In December 2015, on the 12th day of a 24-hour curfew in Şırnak province, along Turkey’s border with Iraq and Syria, a family in the Silopi district grew hungry as they hid in the basement of their home.
Outside, clashes raged between the Turkish military and Kurdish insurgents. When the elder of the house, 73-year-old Hasan Sanır—or Seyda, as the people of Silopi knew him—went upstairs to get food, bullets struck the kitchen windows, shattering the glass.
One bullet hit Seyda in the back, another his head. Seyda let out a small cry, and died next to the kitchen cupboard. Some say the shots intentionally targeted Seyda, others say he was randomly hit in the crossfire. Whatever the case, the family heard his cry and ran upstairs. Seyda’s son placed a blanket over his father’s lifeless body, among the bullet-riddled kitchen cabinets.
The son called the authorities, but nobody came to pick up the body. For nine days, until the clashes became too intense and they were forced to leave, the family lived in the house alongside Seyda’s body.
Two weeks after his death, Seyda’s body was finally retrieved by police officers, sent to Şırnak for an autopsy, and later buried in Silopi.
So who was Seyda?
Seyda was a well-respected person in Silopi. He had been an imam for years. He was one of the imams that started the Civil Friday movement, in which Friday prayers were held in locations outside the mosque. He was active in local politics through the Democratic Regions Party (DBP). He was always one of the first to step in and help resolve disputes.
“We lost such a valued person, yet such an important loss did not even make it into the news,” my Silopi host told me.
During my recent visit, the kitchen cabinets were still riddled with bullet holes. One grandchild was asleep in a cradle, and two were lying on the ground. Another grandchild, about 12 or 13 years old, listened to our conversation with eyes full of anger.
After I spoke with their mother for some time, Ayşe, their grandmother and Seyda’s wife, entered and gave me an enormous hug. “Welcome to our home,” she said.

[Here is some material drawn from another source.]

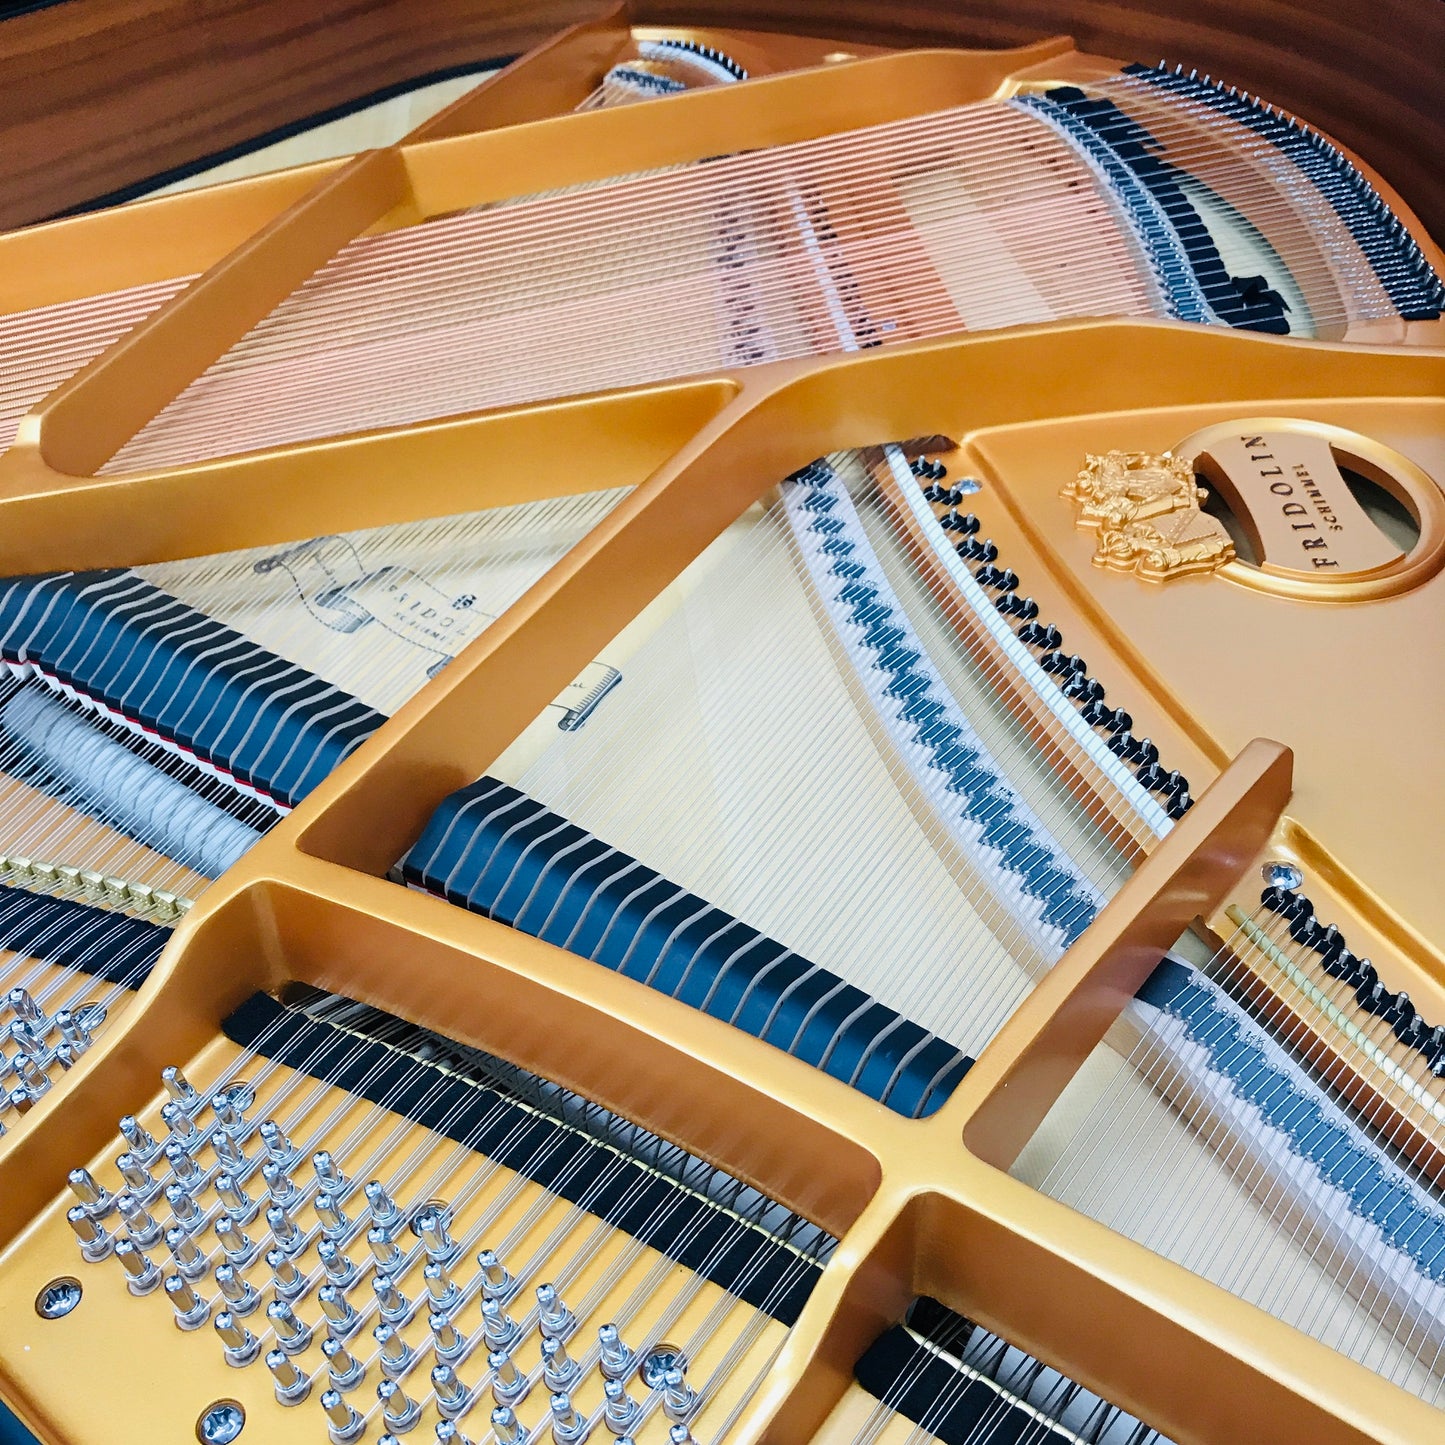 Schimmel Fridolin F156 Grand Piano
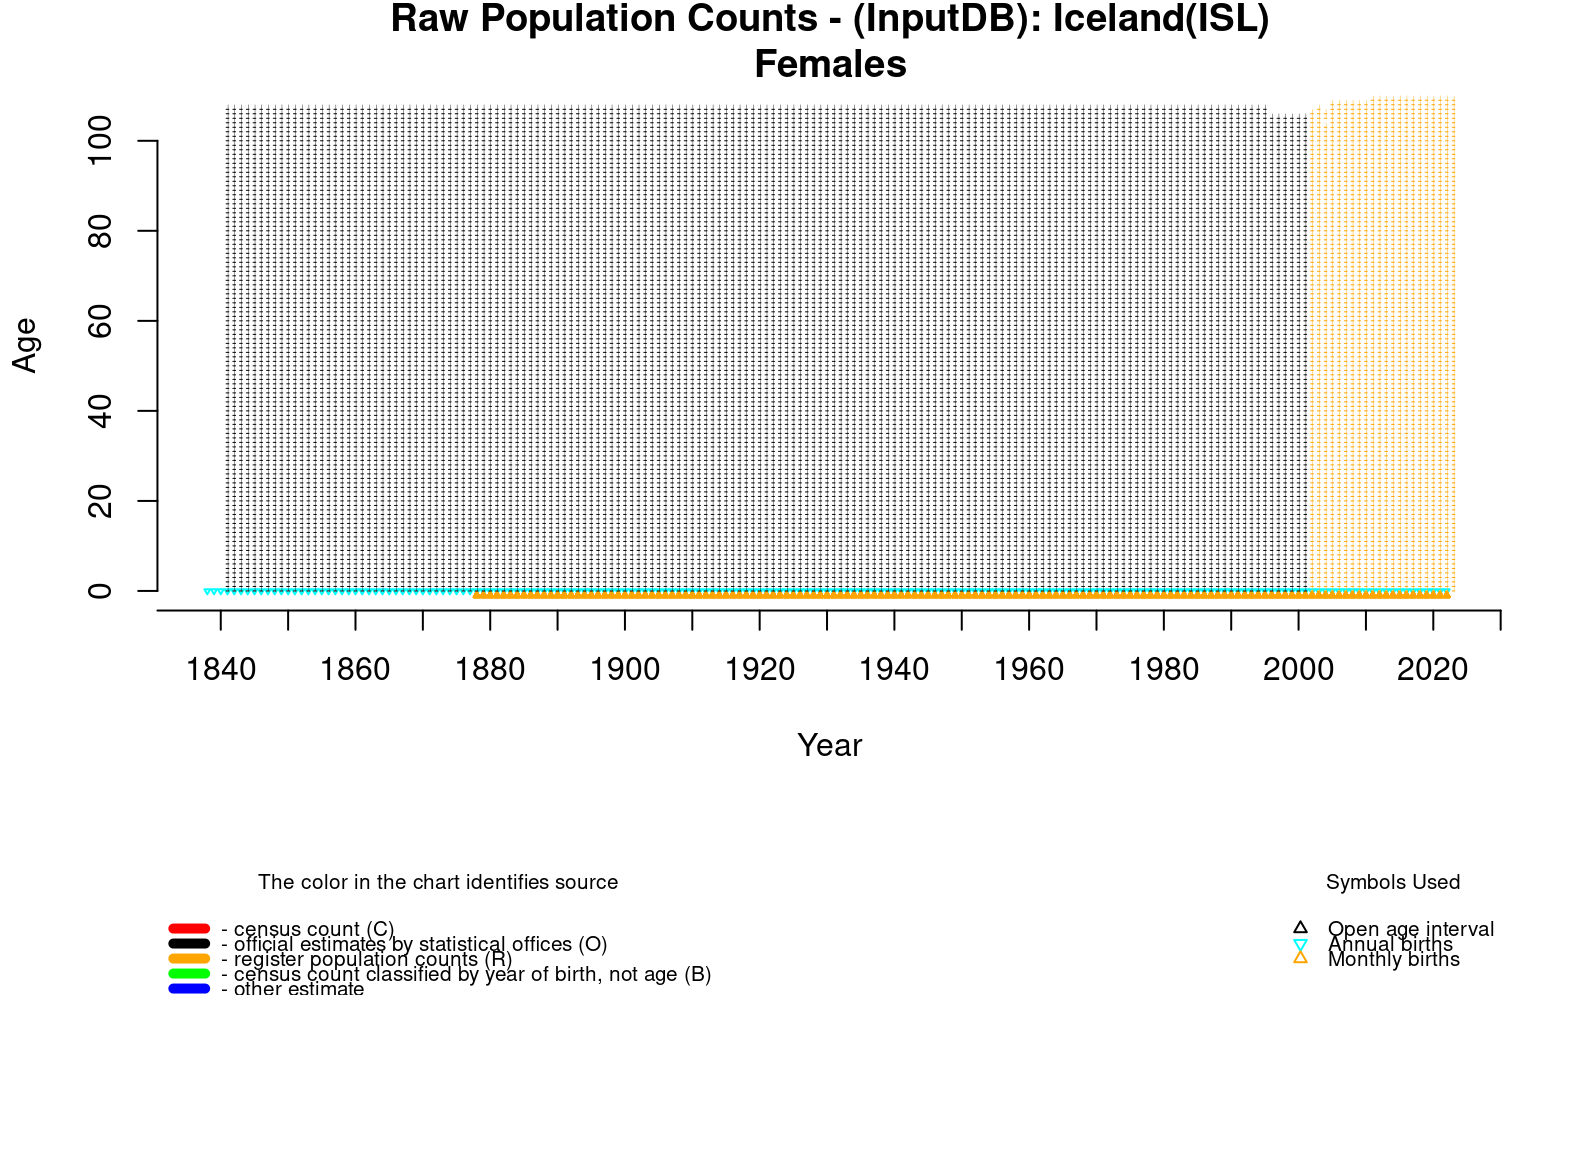  [ Raw population counts - Females ]

I felt embarrassed, until I understood just how lonely Seyda’s family feels, like so many other families across Turkey’s southeast following the violence that wracked the region from late 2015 to early 2016.
The family brought me nuts and strong tea. Aunt Ayşe handed me a photograph of Seyda and, with shining eyes, began to tell me about her beloved.
“He was very kind to people around him. He was someone with good ideas. He would help to bury every fallen fighter. He was fearless. He was a patriot. He was known and respected. This had made him a target. They shot at our home for an hour and a half,” she said.
“He loved me, and I loved him. With him, I was at peace, and held my head high. But he is gone now, and I am devastated. I miss him so much. Now his burden is mine to bear, and I must take responsibility for his cause. Our beliefs were compatible, we saw eye to eye. This is the fate Allah has written for us, what can we do?” she continued.
I asked Ayşe what it was like to spend nine days with the body of her beloved.
My girl, when we buried him even the police participated in the prayers. But do you know what hurts me the most? He put so much effort into this struggle, but his picture did not appear once on the television,” she told me. “The death of such a valuable man, who spent his entire life fighting for this cause, did not produce a single piece of news. Can you imagine what it means for a body to remain on the floor for nine days? Just think, the body of your loved one is in the kitchen, and you cannot enter that kitchen to retrieve him.”
If only we could have imagined this for just one moment, Ayşe, Turkey might be a different place today.